Крейвенская пуща, три года назад

   Этот мир был, как на пуантинах Максимы Якубчика – затканное дождем пространство и уходящие в небо стволы. Стволы неохватные, обомшелые, старые, как мир. Пуща детских страхов и древних снов. И среди мороси редкий и внезапный охряной пожар дубовой кроны. И вязкая, оглушающая тишина. Готовая пронзить звериным рыком или стуком песта из-за узорчатого тына с оголовьями из человечьих черепов.
   Всадник ехал среди дождя. Тоже неотсюдный, в длинном с капюшоном плаще и чуге с зелено-черными разводами, на скакуне красы дивной, тонконогом, с лебяжье выгнутой шеей и косящими полными жизни рыжими разумными глазами. Над розовыми ноздрями коня поднимался пар. Ноги и брюхо его, и плащ и сапоги всадника были мокрыми совершенно.

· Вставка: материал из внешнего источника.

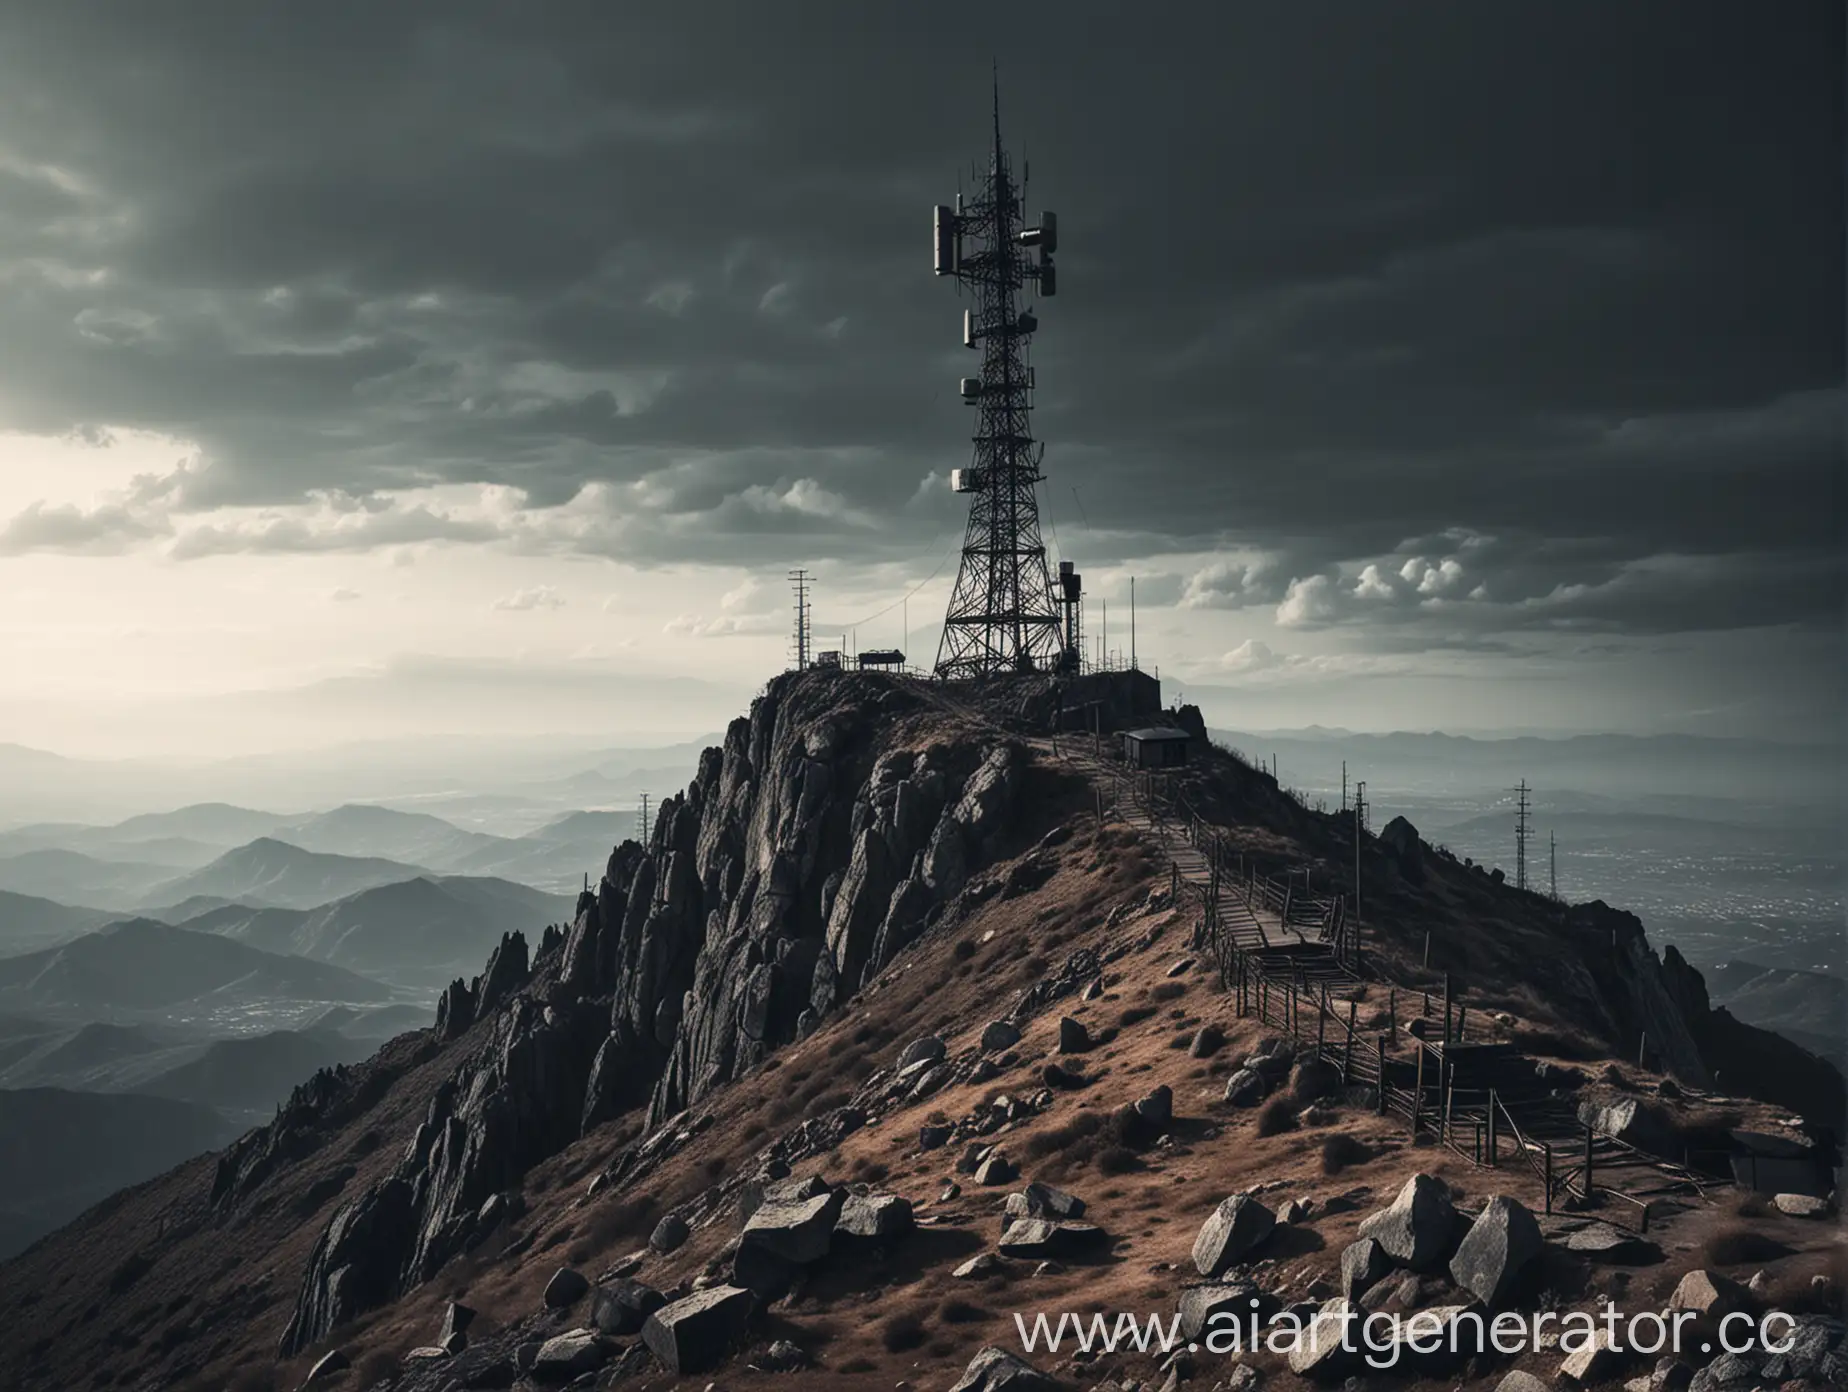 Desolate-Mountain-Peak-with-Radio-Tower-in-Apocalyptic-Scene

   Миновав пламенеющую рябину, выбрались они на лысый холм, на ростань. И морось словно отрезало. Стало сухо и солнечно, и со всех сторон разом зашуршала, зашевелилась сухая трава. Как под ветром, поклонились чубчики бурьяна, почерневшая пижма, полынь… Но это был не ветер. Скакун запрядал ушами, задергался, высоко вскидывая ноги, так что всаднику едва удавалось удерживать его. Странный звук прошел над травой – печальная флейта, странный запах – тоскливая полынь. Всадник ничего не видел в траве, но она струилась, качалась, лилась – словно тысячи существ раздвигали ее везде. И сзади, и впереди… он понял, что это Сдвиженье. Что он опоздал.
   Конь дергался и норовил стать свечкой, и всадник пустил его в отчаянный, бесконечный, невозможный прыжок…! И сумел.
   Не погубить никого. Даже случайно.
   Сухая короткая шершавая трава не двигалась. Только на пне, венчающем середину неведомо откуда начатых и оконченных дорог, лежал, свернувшись кольцами, блестя черной чешуей, уж, изгибая головку с желтыми пятнышками, немыслимо похожими на корону, и трепетал раздвоенным язычком, думая что-то, неподвластное людям. Или просто греясь в последних лучах осеннего солнца.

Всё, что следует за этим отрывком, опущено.